The work of American economist Alvin Roth is a direct response to those who believe that economics is more about mathematics than the real world. A professor at Stanford, he built his reputation by applying economic theory to concrete, everyday problems. A winner of the 2012 Nobel Prize with Lloyd Shapley, Roth has dedicated much of his research to what are known as “repugnant” markets – transactions that “some people would like to engage in while others, even if not directly affected, think they should not be allowed to do so.” One example is selling vital organs for transplant purposes, which is considered repugnant everywhere (or almost) in the world. However, Roth has studied issues related to the supply and demand for organs and has developed a model that allows matching between kidney donors and recipients. In a nutshell, his work has helped increase the number of kidney transplants and thus saved lives.
How would you define a “repugnant” market?
I can’t give a perfect definition, but when I speak about repugnant transactions, I think about transactions that some people would like to take part in and other people who are not directly affected by these transactions think they should not be allowed to. A repugnant market is a market of repugnant transactions.
Could you give us a few examples?
One example that I spoke about today was same-sex marriage. Two people would like to marry each other but other people think they maybe shouldn’t be allowed to. This has been a divisive political issue in Europe and in the United States, and different countries and states have reached different conclusions about it. (Currently, constitutional or statutory provisions prohibiting same-sex marriage exist in 13 US states, while it’s legal in the others).
You conception of the matching system to multiply transplantations. The purpose is to build a kidney-exchange chain. How does it works? And how does it cope with the repugnance factor?

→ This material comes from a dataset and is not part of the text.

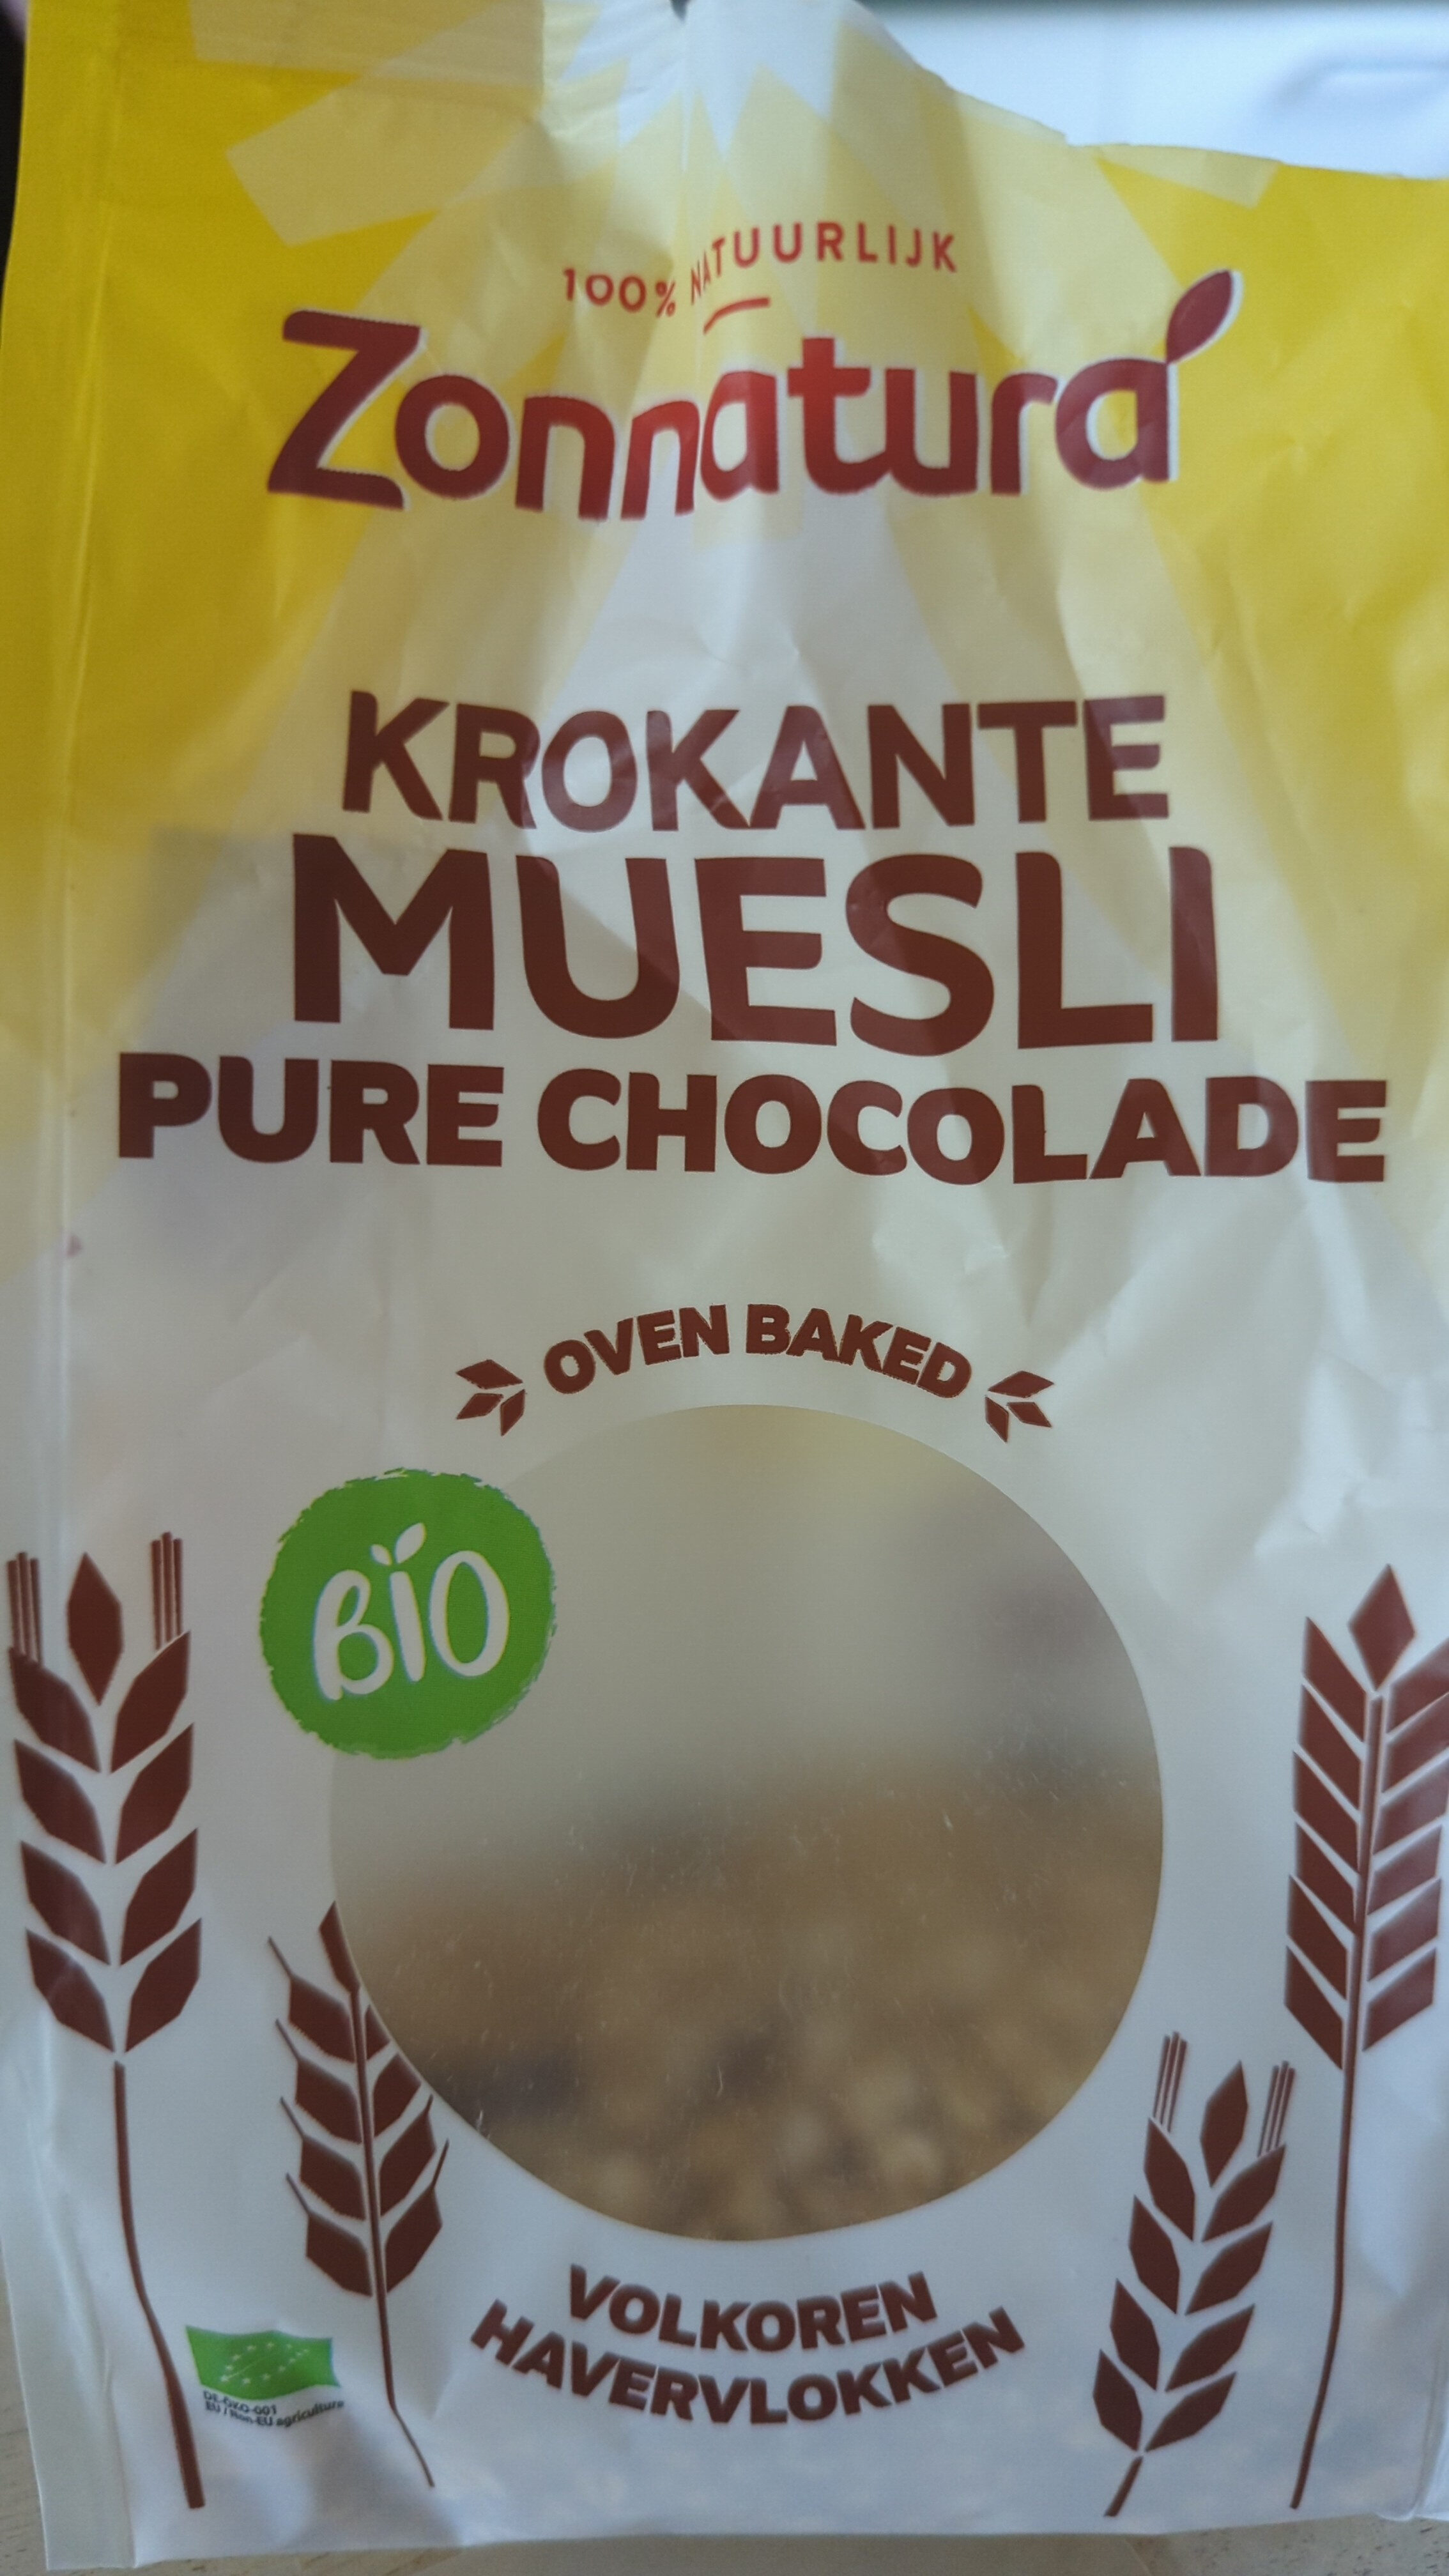 Krokante Muesli pure chocolade - Produkt - nl

Transplantation is not repugnant at all. Transplantation saves the life of someone who has kidney failure, for example, and I don’t think many people object to that. What’s repugnant is purchasing the kidney. Kidneys are special: people have two kidneys and can remain healthy with one, so you might be able to save the live of someone you love by giving them a kidney. But the law requires that these be gifts, not sales. Just about everywhere in the world that’s the law, with the exception of the Islamic Republic of Iran. As a result, there’s a shortage of organs for transplants. Many people die without getting a transplant because there aren’t enough organs for the people who need them, living donor organs included. Sometimes, you might love someone enough to give him a kidney but you can’t give a kidney to the person you love, because kidneys have to be very well-matched. Kidney exchange is a way of getting some transplants done, even when patients and their donors are not well matched.
Maybe you want to give a kidney to your sister and I want to give a kidney to my sister, but neither of us can do that because we’re not good matches for them. But maybe your sister could take my kidney and my sister could take your kidney and that way we get two more transplants and two lives saved. That’s the basic idea of kidney exchange.
How can your work on transplantations be useful on understanding other repugnant markets?
Partly the question with kidney exchange was to understand what was repugnant and how we could move forward to the larger goal without offending. In a kidney exchange, no one is paid. No one gets money, it’s a kidney for a kidney, and that turns out not to be repugnant. In the United States we were able to get the federal law changed to make clear that kidney exchange is not repugnant. The reasons that some people don’t like certain transactions can be different from the reasons other people want to engage in those transactions.
What are the ways around this repugnance? Are they necessarily to be found in regulation and law?
Just as markets need social support to work well, so do bans on markets. So making laws against markets doesn’t always make them go away, as we learn in the markets for illegal drugs or for prostitution, for example. Different countries and states in the US have different laws about those things. Another market I’ve talked about where there are different rules in different places are markets for things like parental surrogacy. In France, it’s illegal. In California, where I live, it’s legal. Making it illegal in France, however, has not stopped French couples who need a surrogate from getting them. Then you have to deal with how should the law treat the children who should have French citizenship and French parents and might possibly have no citizenship and no parents if the French law is applied too strictly (The French courts have softened the restrictions of the French law in such cases) ! Markets may be both hard to create, and hard to prevent.
How can the study of repugnant markets help regular legal markets?
Technology changes all markets and the opportunities of people in markets. For instance surrogacy was only possible after the invention of in vitro fertilization. This is true in other markets too. We now see financial markets where most of the trades are done by computers. That has changed the nature of the market and sometimes it changes the nature of rules that markets need to run well. I think that markets are a little bit like living organisms. We have to see how they evolve. When we think about how to make them work well, how markets should serve the participants and society, we sometimes have to change the rules by which they work.